Yale football team of the 1920s.  These student athletes were likely actual students.

I'm not a football fan but that's only part of it.  I don't grasp how it is that university football went from being a game played by students to the farm teams for the NFL.  Indeed, one of the things I admire about baseball is that its farm teams are farm teams.  It doesn't pretend to be recruiting students athletes.  It recruits baseball players.  College football has gone from being a game played by students, on the other hand, to a massively funded farm program for the NFL which the NFL doesn't even have to pay for.

That's stupid.

Anyhow, as part of that stupidity I'd note that after I posted the items below on UW, I saw an item where a Democratic candidate for the state house has gone after the UW football program in the context of the budget cuts and noted that the coach is paid over $800,000 per year.

I don't know if that's correct, but if it is, that's obscene.

But if he is, what that means is that the going rate for Division 1 is that high or higher.  And that's obscene.

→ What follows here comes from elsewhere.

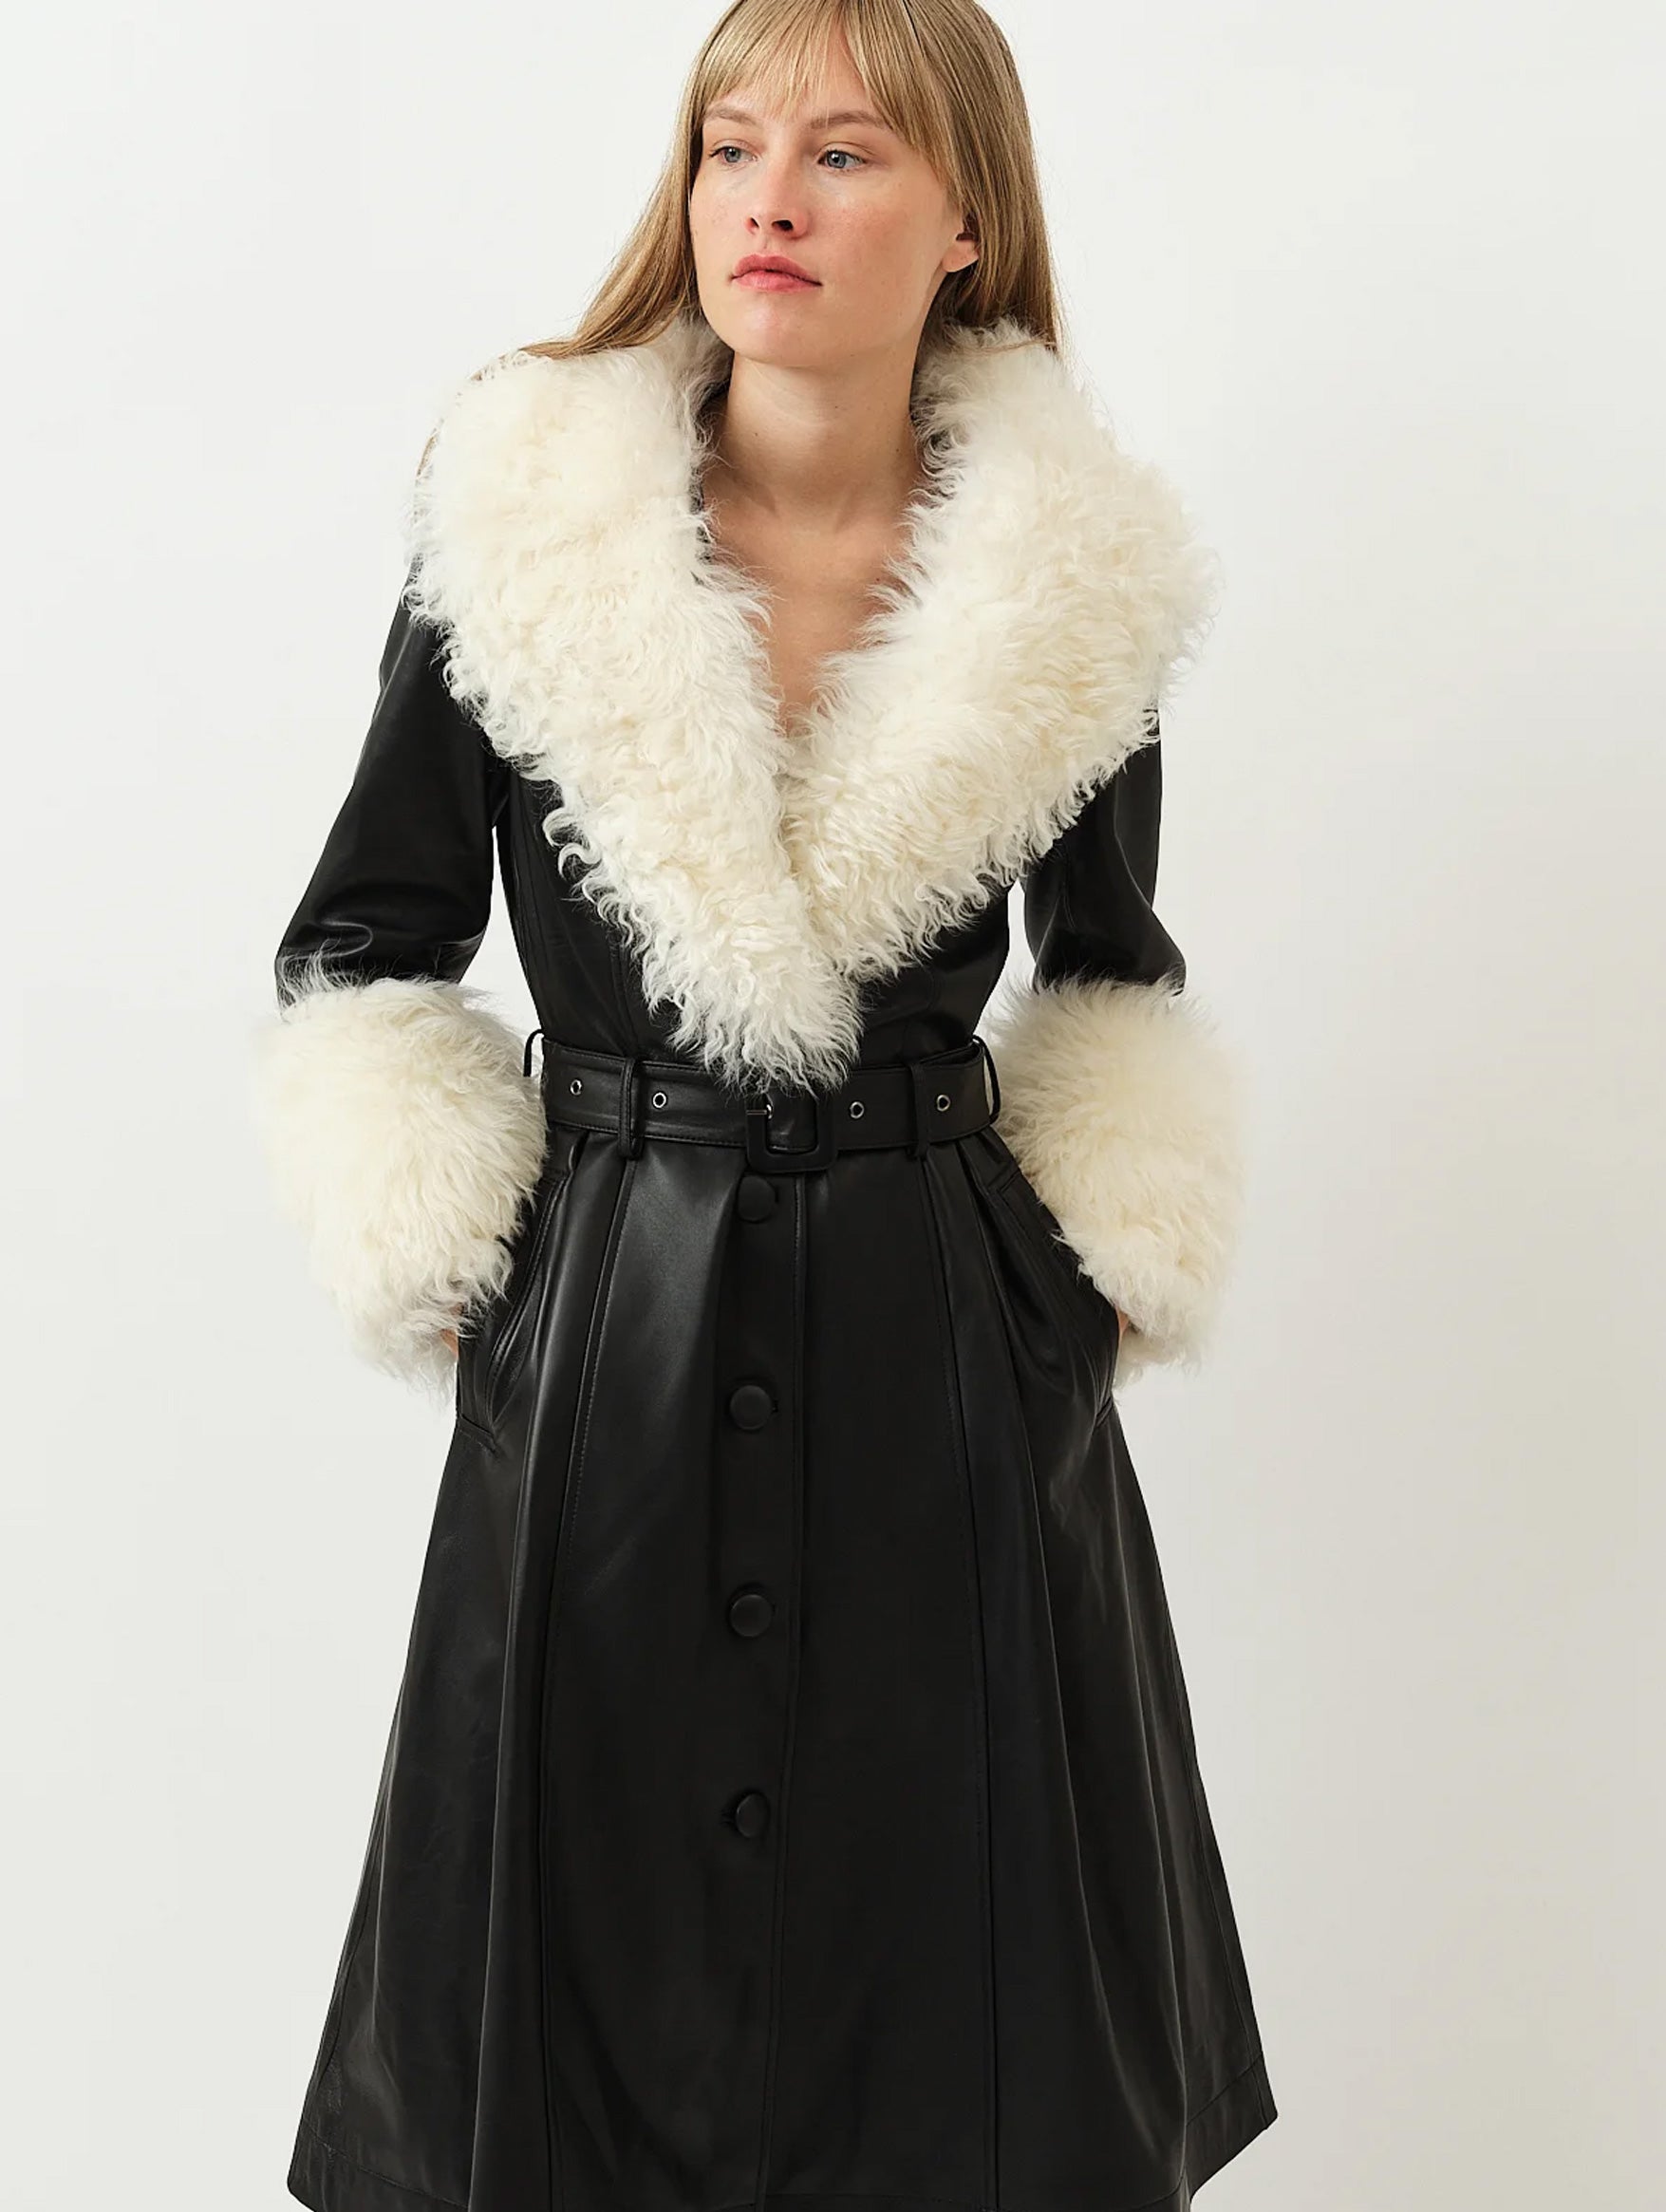 Foxy Shearling Coat in Black & Cloud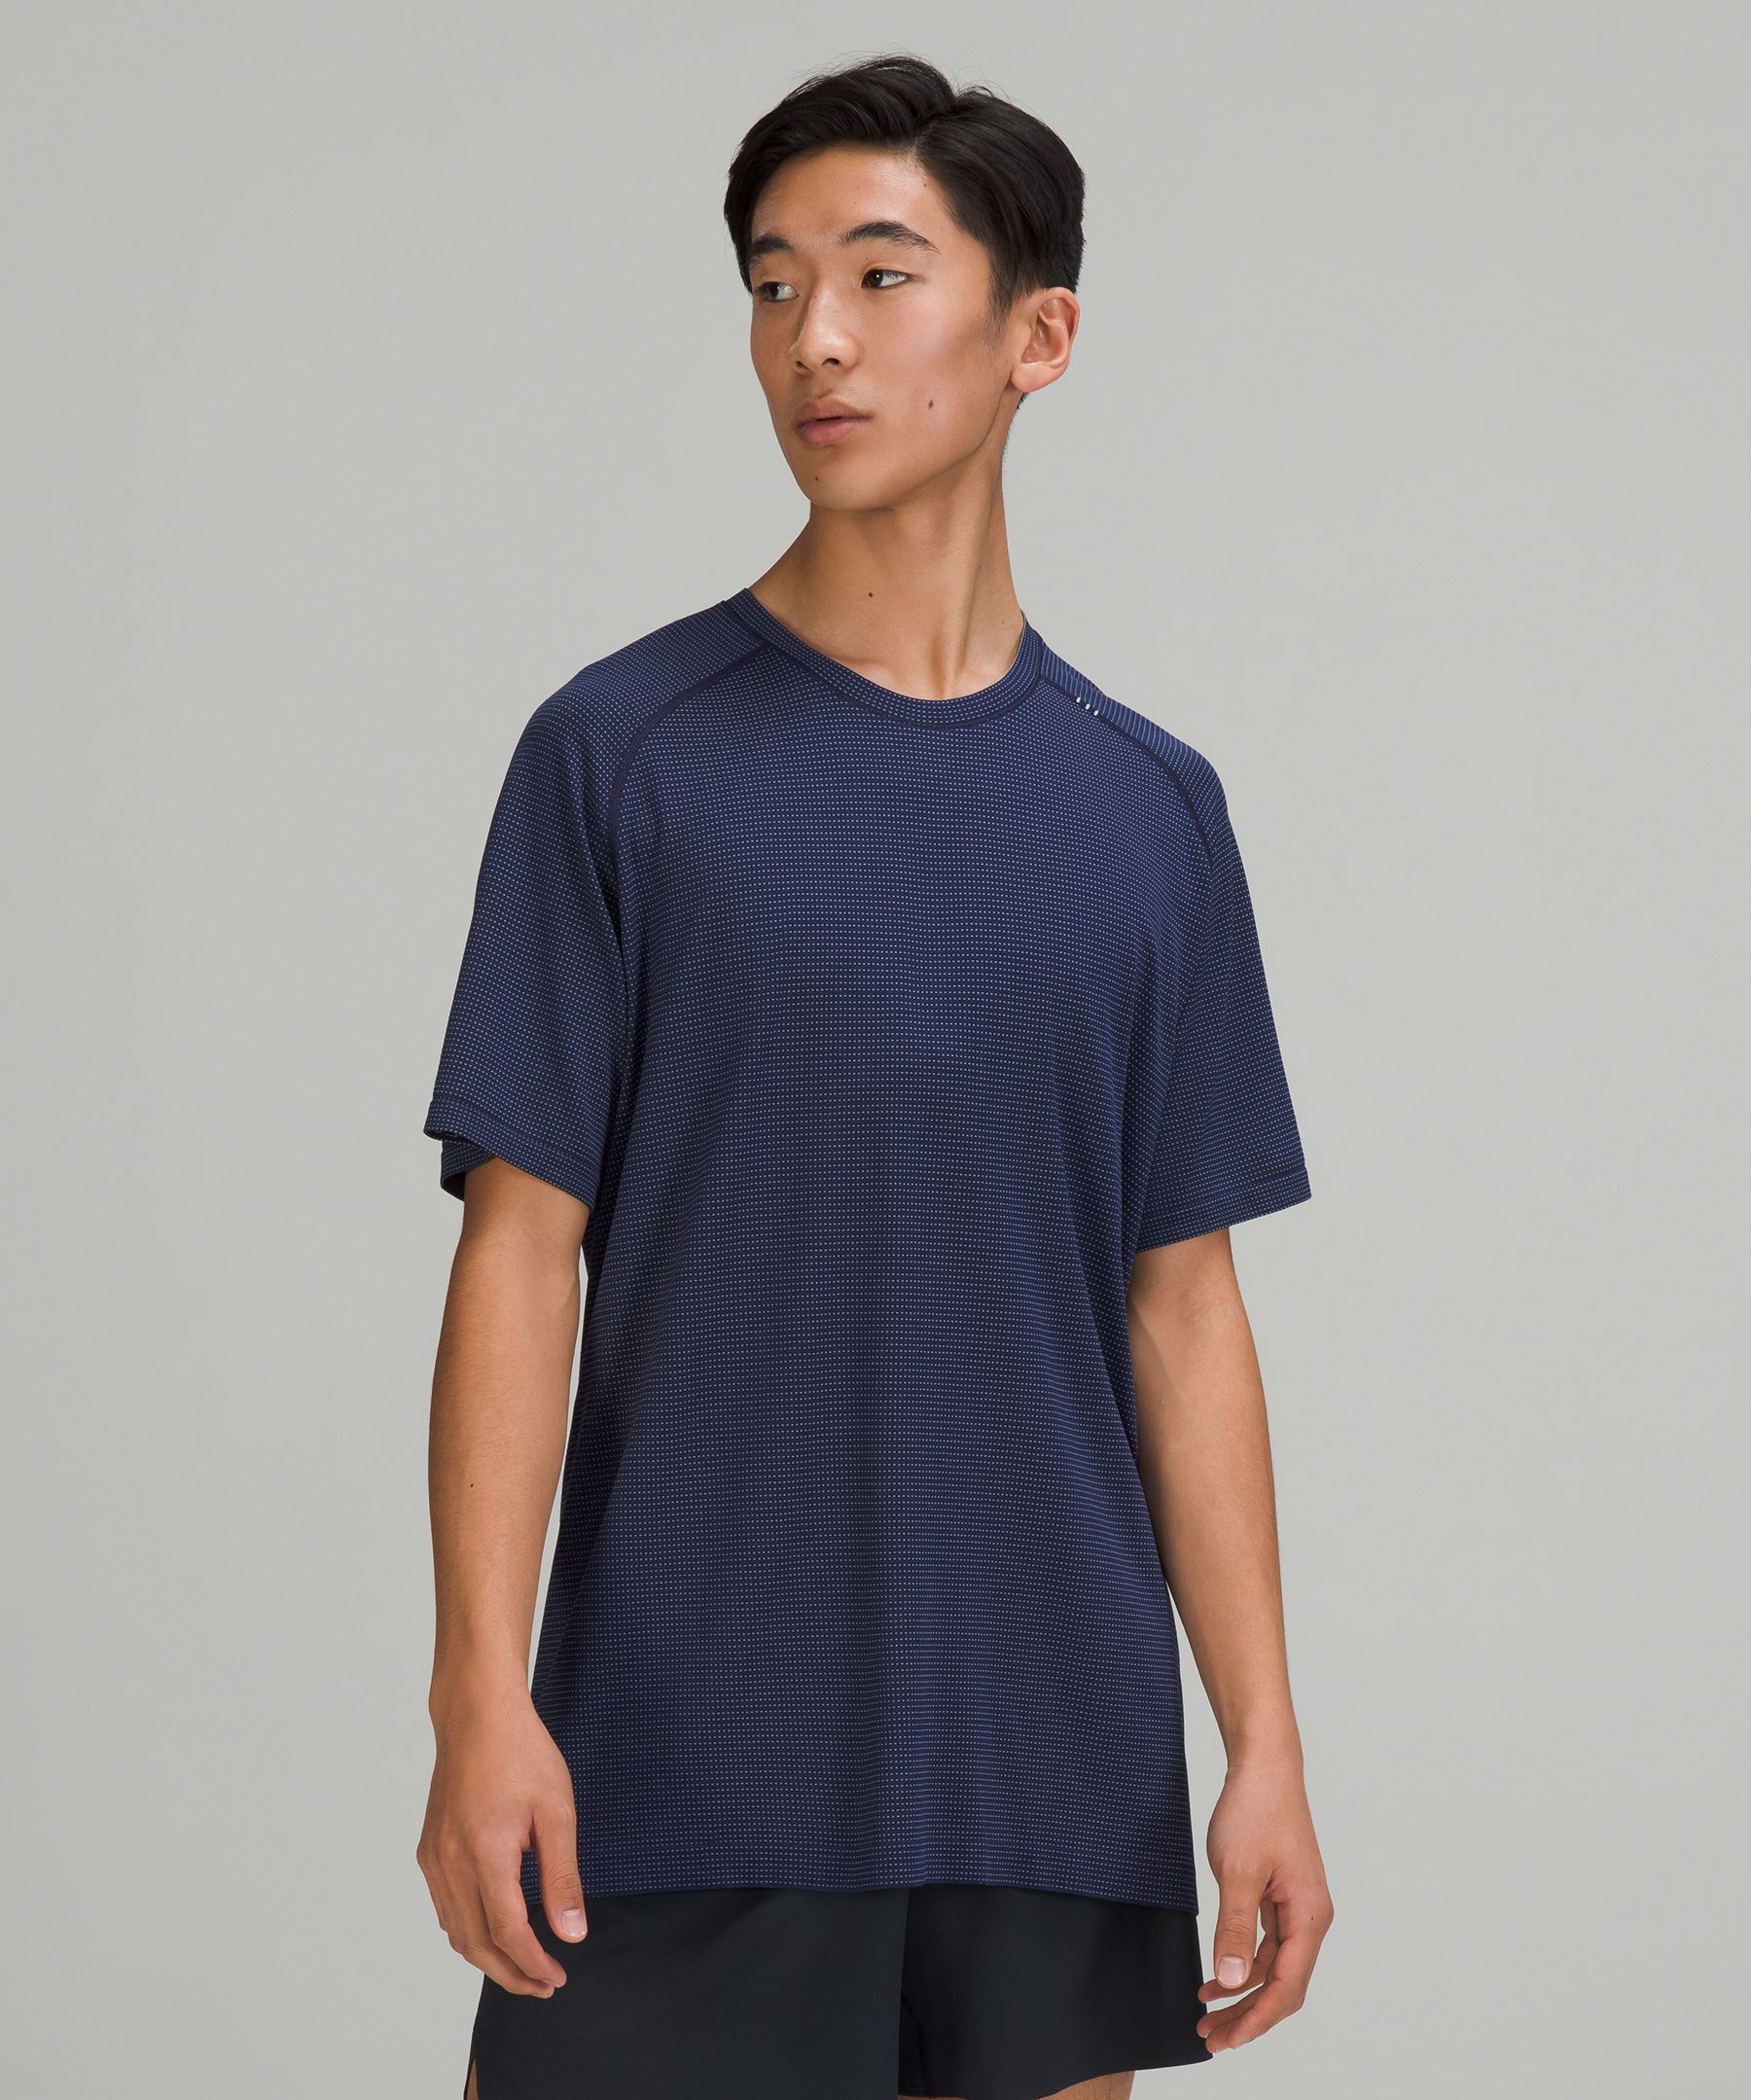 Lululemon Metal Vent Tech Short Sleeve Shirt 2.0 In Blue

But what does it mean, in real terms?  

I don't know that.

What I mean is that I don't know the total cost of UW football, and I don't know if it returns more to the university than it spends.  It might.  

I don't think that any real student cares a whit about their college's football program, unless they want to play football.  There are always a few locals on the UW team.  But the real question is how much is spent on UW  football and how much does the football team bring in?  I have no idea.

I guess if alumni, and others, who are devoted to UW football spend more and bring more in to the university than the program costs, its' economically justified, in the environment in which universities actually exist.  I think that environment, in regards to football, is debased as the idea that a university coach would make that sort of money is insane, but it's a widely spread insanity.  Likewise, the enter system surrounding college football is crazy, but its a nationwide crazy, not a Wyoming one.

So the question is, does it cost us more than it brings in?